German Jesuit controversialist

Heinrich Blyssen (Latin Henricus Blissemius, Czech Jindřich Blyssem) (1526 – 24 April 1586) was a German Jesuit controversialist against the Hussites of Bohemia.

==Life==
He was born at Cologne or Bonn. He entered the Society of Jesus, and Ignatius Loyola sent him with eleven other Jesuits to Bohemia to combat heresy there, and to sustain a public discussion with the disciples of Martin Luther and Hus.

In 1556 he became professor of theology and Hebrew at the Jesuit college at Prague. To continue the work of public lectures which he began, he gave a Sunday course of polemics to the clergy and laity. Appointed rector of the college at Prague in 1561, he was transferred in 1570 to the college at Graz, where he continued with lectures on theology. He died at Graz.

==Works==
Maintaining his controversy with the heretics of Bohemia, he published a collection of theses: De ciborum delectu atque jejunio (Prague 1559).

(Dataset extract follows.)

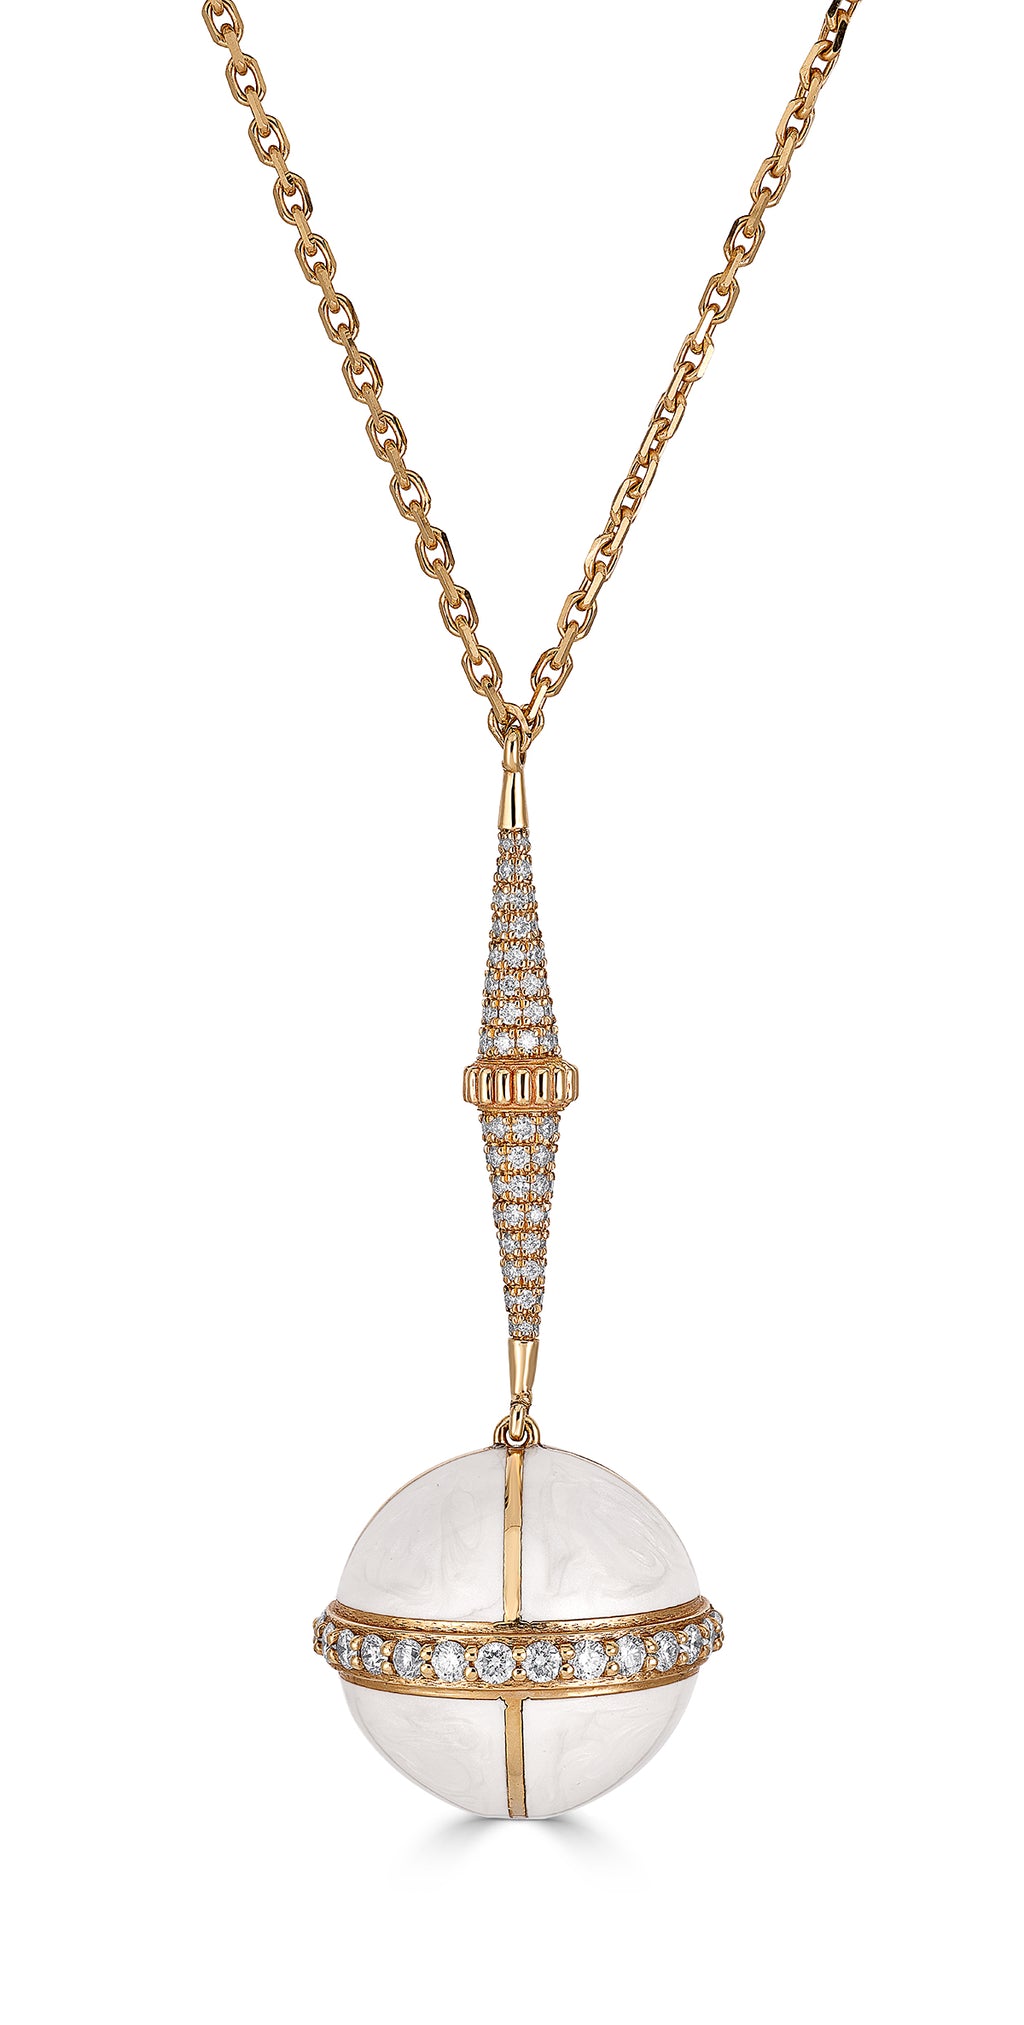 Large Rising Canopus Necklace with Diamonds

Attacked by Jacob Heerbrand on his doctrine concerning the Church, he published a defense of his thesis as Defensio assertionum theologicarum de verâ et sacrosanctâ Christi, quam habet in terris, Ecclesiâ militante (Ingolstadt, 1577). His last and major work, De uno geminoque sacrae eucharistiae synaxeos salubriter percipiendae ritu ac usu, was published (Ingolstadt, 1585) when he was provincial of Austria.